* WORK ORDER *
Only the lines of the listing below that run from the line with "Colorful Hotels in" through the line with "A Pagoda With" are to be set down, word for word. Pictures stay out.

* EXTRACTED DATA *
____
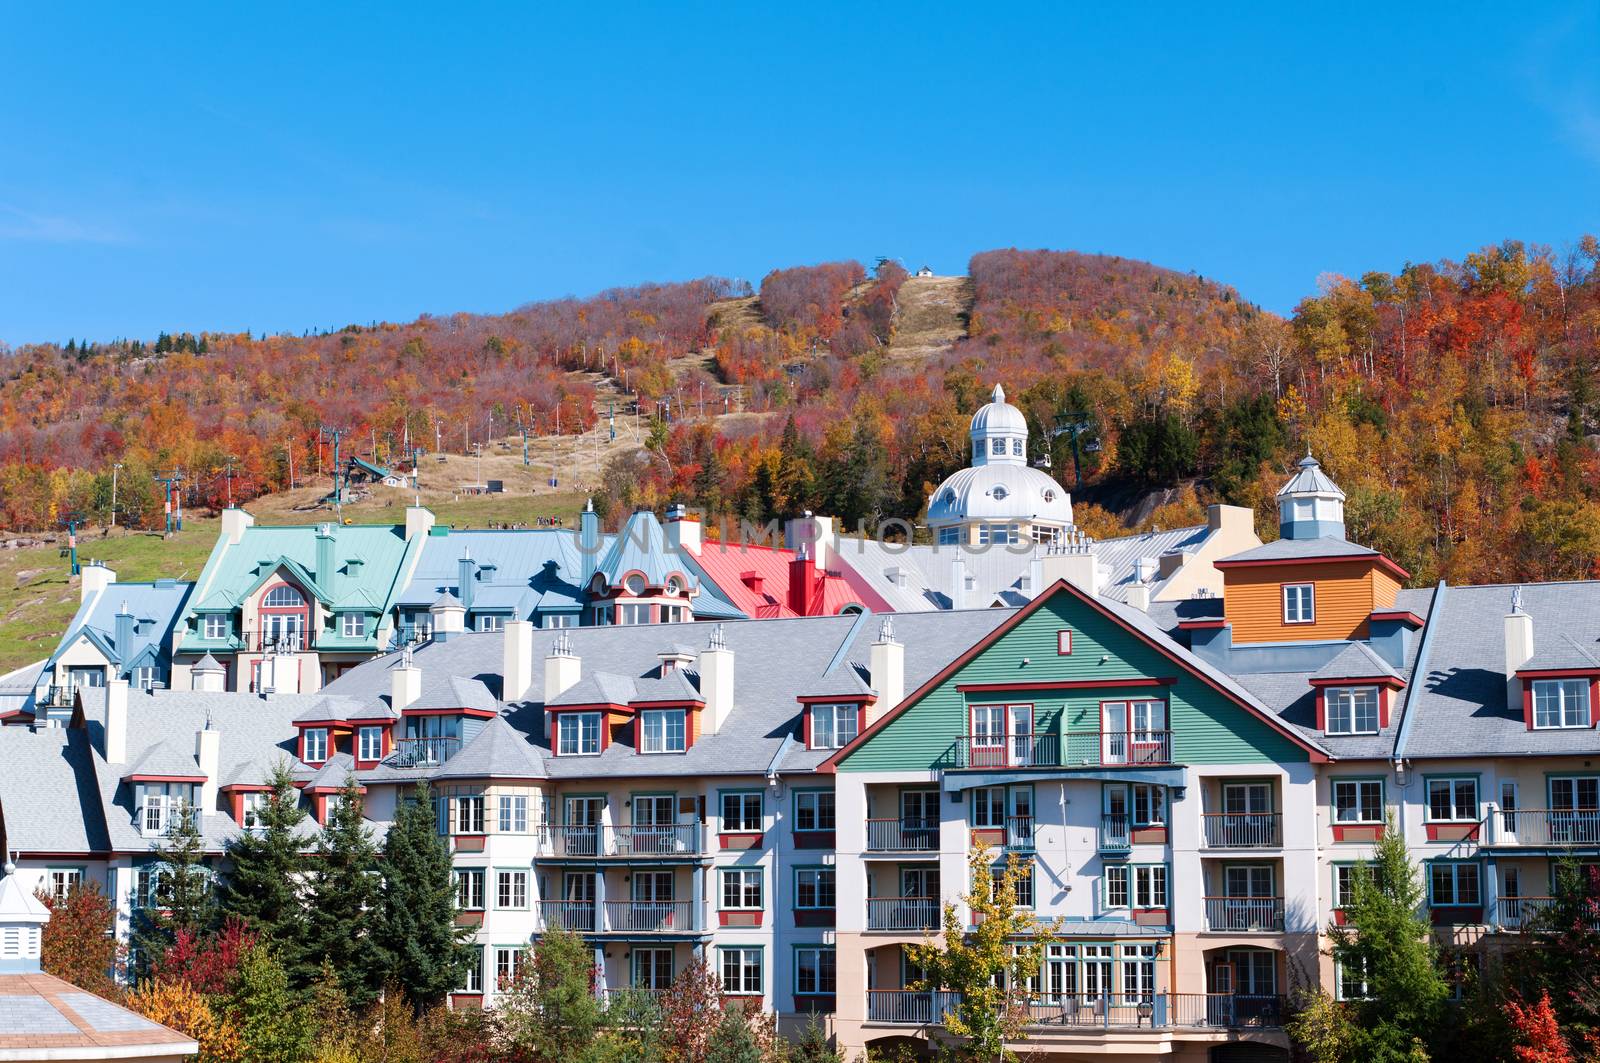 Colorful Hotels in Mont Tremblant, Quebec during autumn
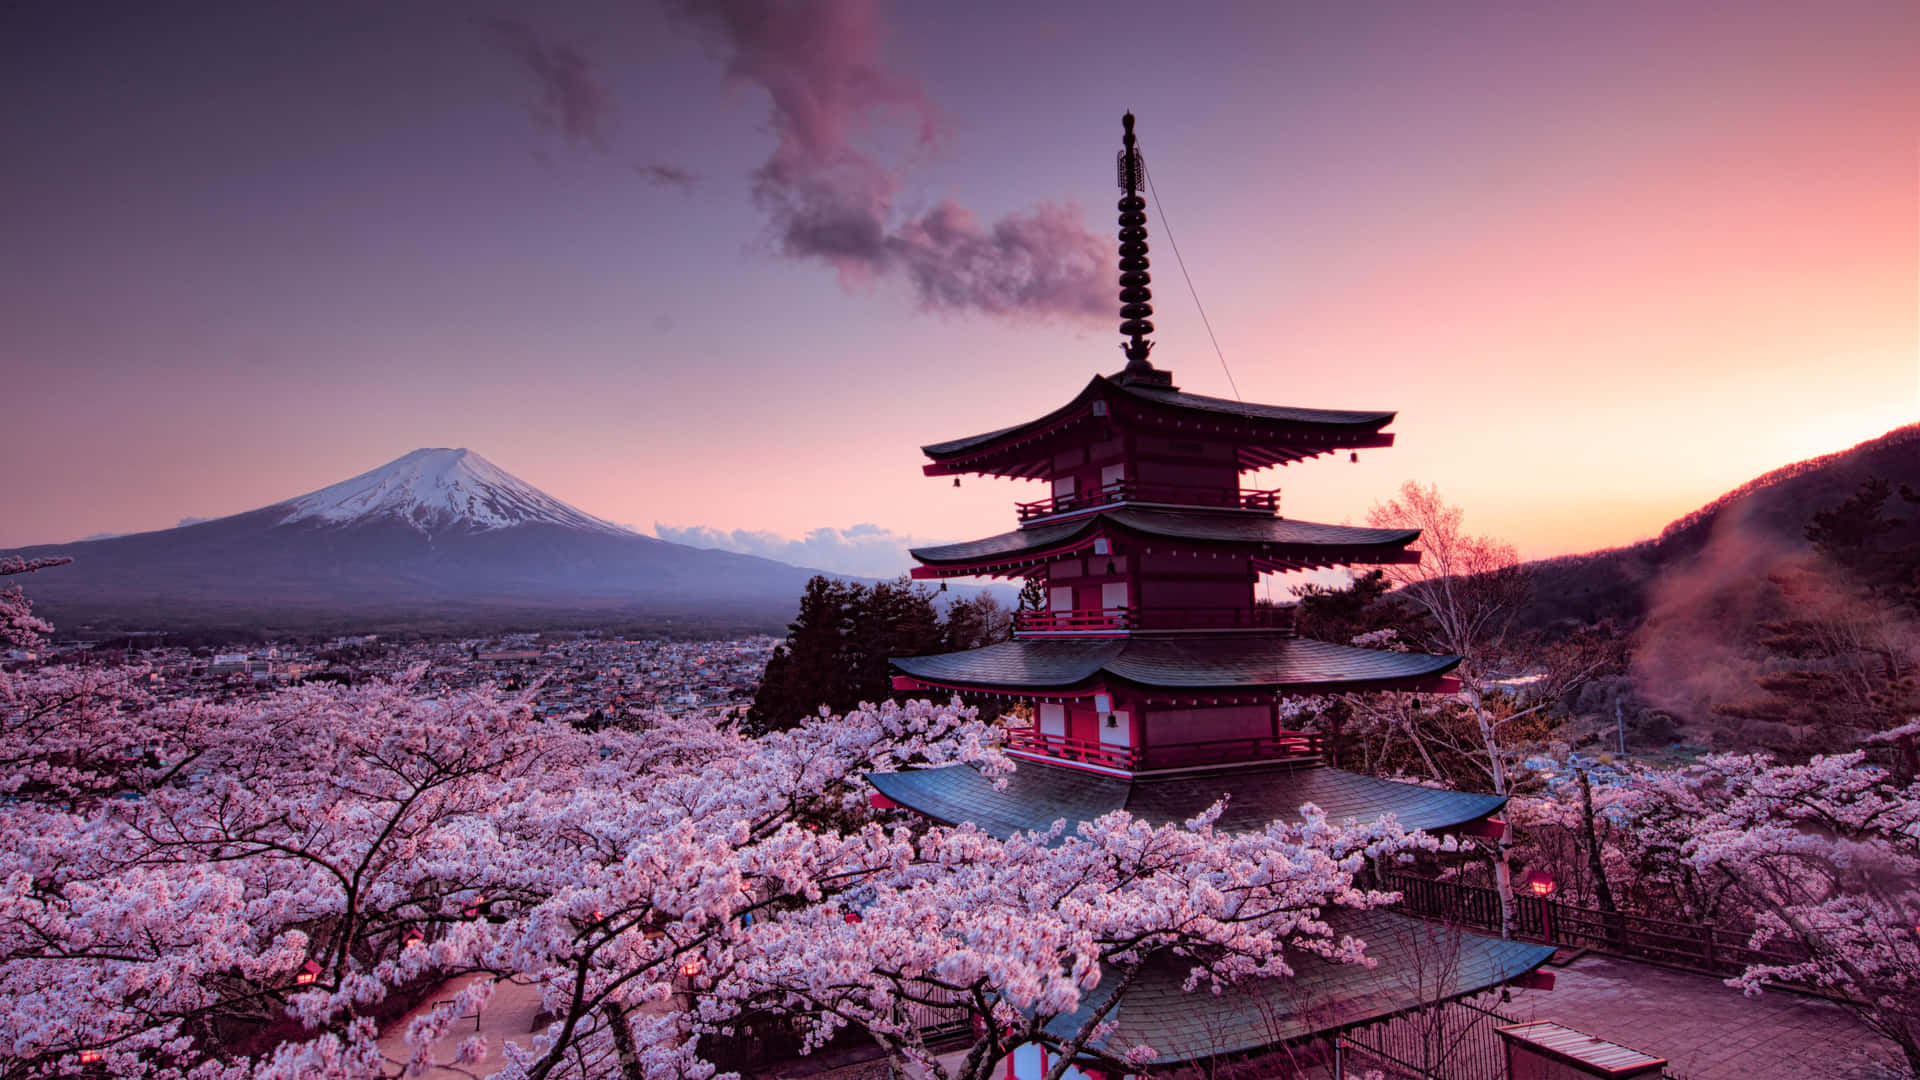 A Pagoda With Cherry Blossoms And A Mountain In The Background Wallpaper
____
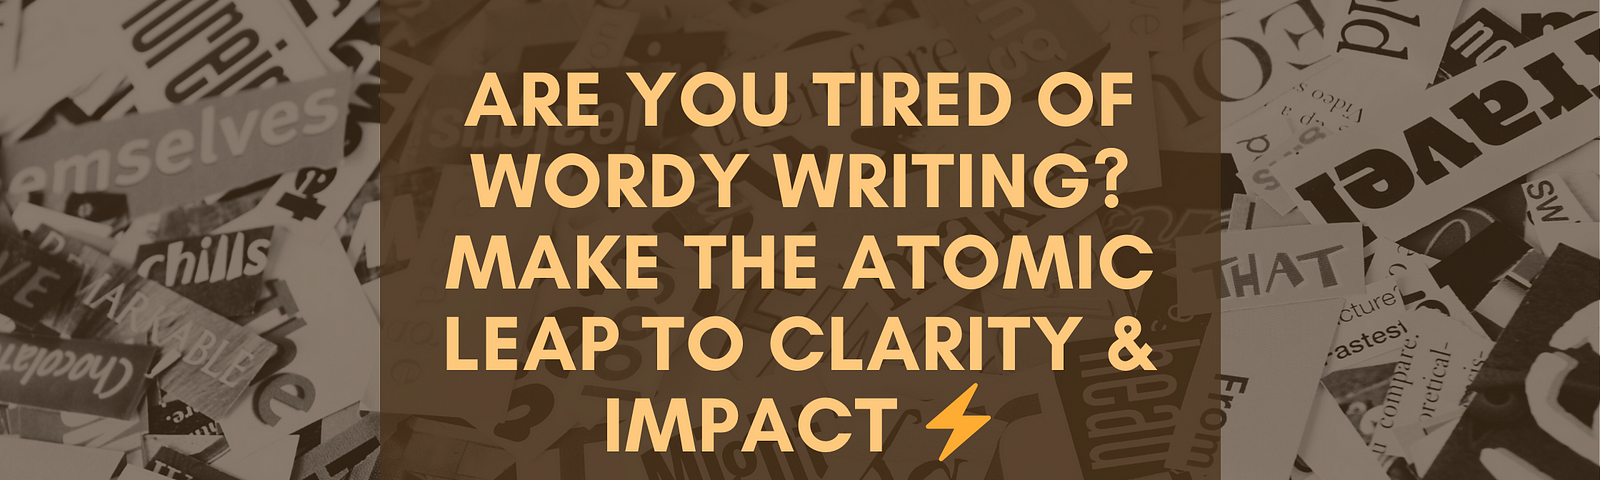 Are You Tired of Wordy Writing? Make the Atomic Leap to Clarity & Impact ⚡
____
* RESULT OF THE TASK *
 Colorful Hotels in Mont Tremblant, Quebec during autumn
 A Pagoda With Cherry Blossoms And A Mountain In The Background Wallpaper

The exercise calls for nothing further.